Terebi

Easier and more secure to just TOTP. Just add it to your 2 factor app of choice and you are done. This of course only protects the login page from remote users. Anyone with physical access has the keys to the kingdom. And if there is a vulnerability in the web UI that could bypass any security implemented. A simple implementation of this could be implemented in an hour or two probably. Just a screen for the setup, and some setting on the USB for the time seed.

The instructions to get to the FTP including hostname, username, and password, would need to be on the USB for that to work. So anyone who has your USB can also go do those things, unless there are firewalls in the way of the FTP Depending on who you are worried about, where that FTP is, how it itself is protected, that again may reduce effective security to zero.

Comment necromancy, but TVs are an easy to point to example. Lots of TVs only include 100megabit ethernet connections, which cannot support 4k remuxes etc, so you have to fall back to wireless!

"secure" and "automatic" are mutually exclusive unless you don't care about wide swaths of "secure" to the point that you shouldn't bother. Disk encryption protects against someone having physical access to your disks. In order to automatically decrypt the disks, the encryption key would need to be on your USB, or somewhere your USB can access. Anyone who has access to your disks also has access to your USB. Therefore the encryption is providing little to no value. There are some scripts that can improve this situation, by downloading the key at boot, but that means the key is sitting somewhere to be downloaded from. Depending on where that location is, and what kind of threat you are protecting against it may reduce effective security down to zeroish.

Security is not really unraids strong suit, almost everything in the system is running as root. The text file will go where ever the output directory is set in the script. You just have to point mover tuners ignore file to the same file/path

My script itself is safe to run if something is seeding. But the regular problems the mover has if something is seeding are still applicable. My script helps with this problem, because it will tend to extend how long a file lives on the cache, which will reduce the frequency of a torrent being actively seeded by the time the files get moved to array. The biggest problem is if you have the torrents hardlinked (from radarr/sonarr), because if that file is one that should be moved based on time/threshhold the "plex" copy will be able to be moved, but the torrent copy might not move it the file is in use. That will break the hardlink and cause space duplication. If you aren't using hardlinks, then it probalby doesn't matter, because if the torrent fails to move it will just retry it the next day. Because of this, its probably safest to continue to pause/resume torrents as part of the mover process, even though it may work ok 9/10 times. You may need to modify my script to add in the code to pause torrents, because I think the tuner setting used to enable my script is the same setting used to pause torrents.

The binhex apps run arch, and do not have SSH running, so are not exploitable even if you have the bad versions. . Just wait for the next version of the binhex images to come out.

Even given 2fa you should probably still use VPN. The risk of someone brute forcing your u/p is probably not as big of a concern as some unknown vulnerability that just bypasses login all together.

Adding the parity drive first will be faster. If you add parity second, it will have to read all of the new drives to calculate its parity. If you add the drives second, they can be individually zeroed without affecting parity.
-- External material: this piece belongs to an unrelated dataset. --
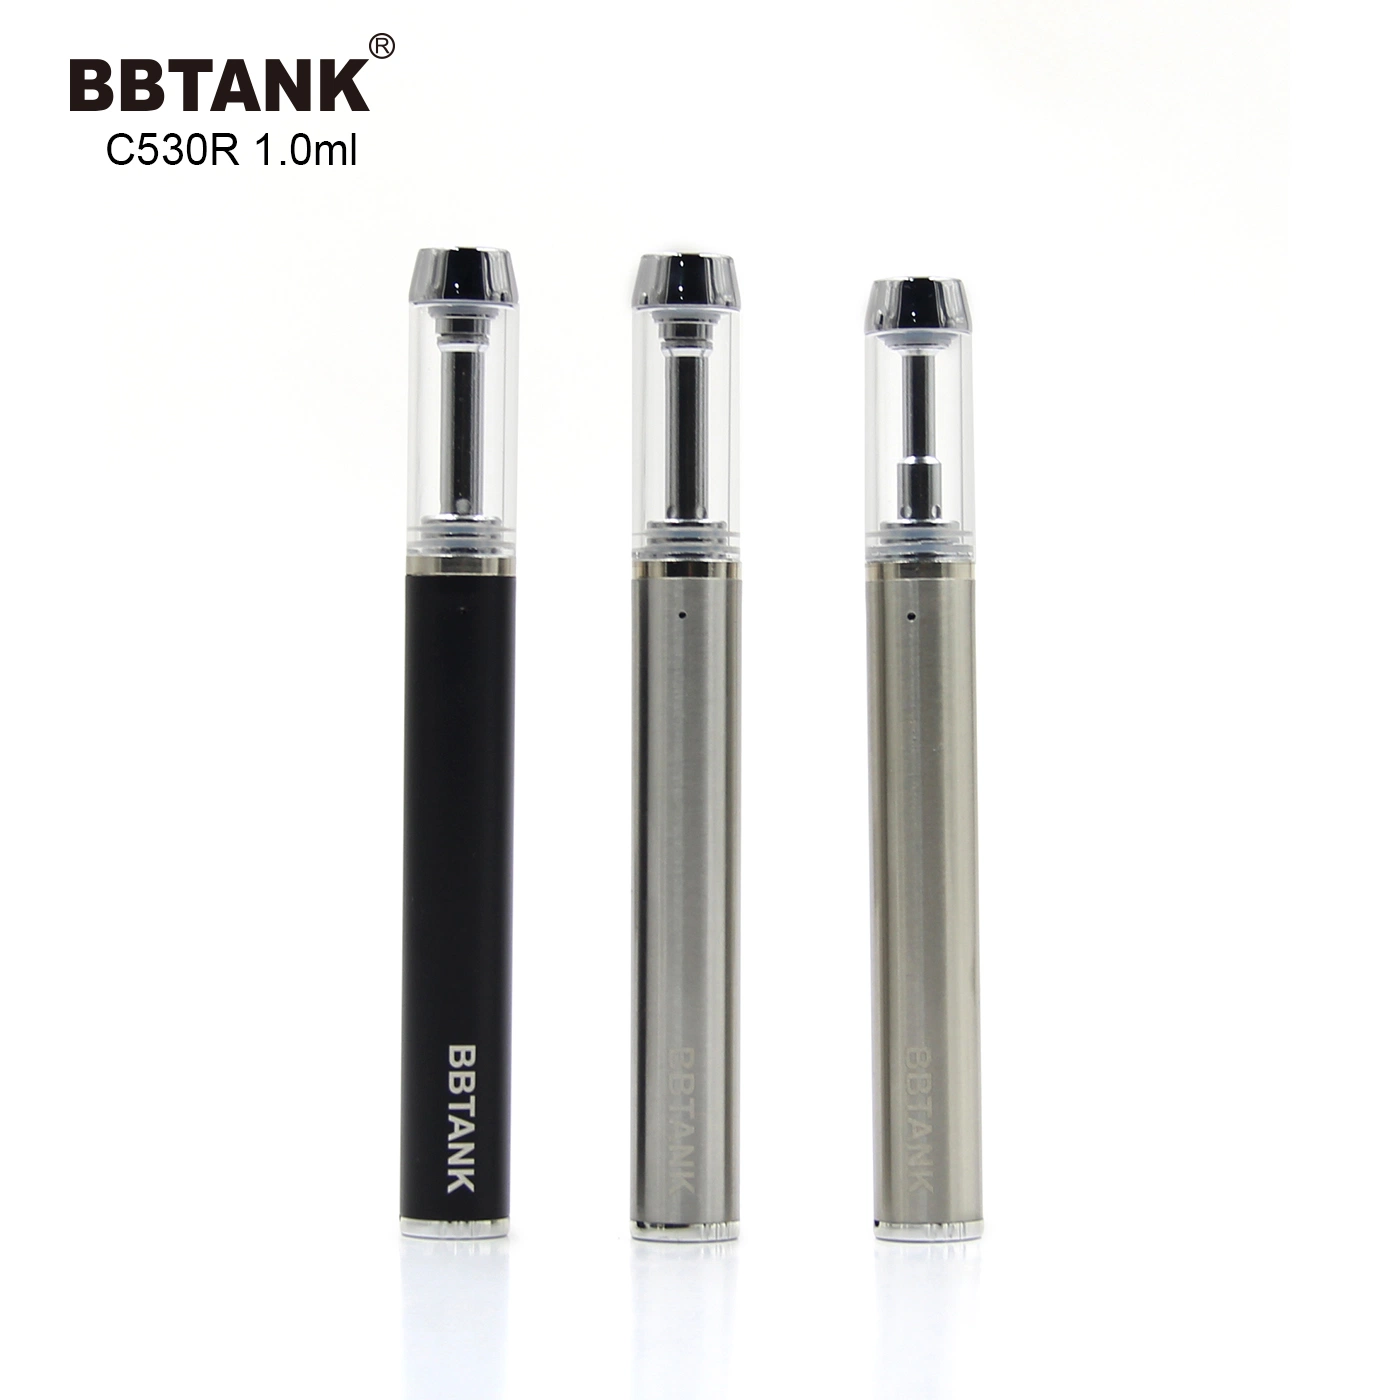 Bbtank OEM/ODM High Quality 1ml Battery Oil Pen Disposable Vape Pen

The file will get recreated from scratch every time mover runs, so you can't really edit it to control what happens. In the first post I give a command that lets you manually move a file/directory immediately. It doesn't "delete" oldest files really, because it recreates the file from scratch every time. But that is the effect. Files will be added newest to oldest until the size is reached, and then the oldest files won't be added to the file again. Then the mover will run, and since those oldest files aren't listed, they will be moved.

Yeah, the purpose of the script is so you can ignore this and it self manages based on time. But I admit I do manually move things off of cache that I know won't get watched soon/frequently to make room for other things to stay on cache longer

You don't need to recreate the file. In notepad++ you can see the line endings (see the LFs in my file) You can then convert using notepad++ too in the edit menu.

It looks like you saved the file with Windows line endings. (\n\r). It needs to have linux endings (\n). Some more advanced text editors (notepad++) can convert line endings for you. Or there are various linux command lines you could google to do the replacements.

You do not need an end slash in the output dir. You can see in the next line (output file) that a slash is added there between the directory and filename. The file should be created every time mover runs. Otherwise the mover would move anything not listed in the file. You can run the moverignore script manually to make sure the file gets generated by going into the directory in a shell in the sh file is in, then running "bash moverignore.sh" . If you still have the movertuning threshholds in place for size and age, then mover may not be running at all, which would mean my script would also not run.

you can run the moverignore script manually before the mover runs, to generate the file and make sure it appears as you expect. Instructions for doing so are in the first post.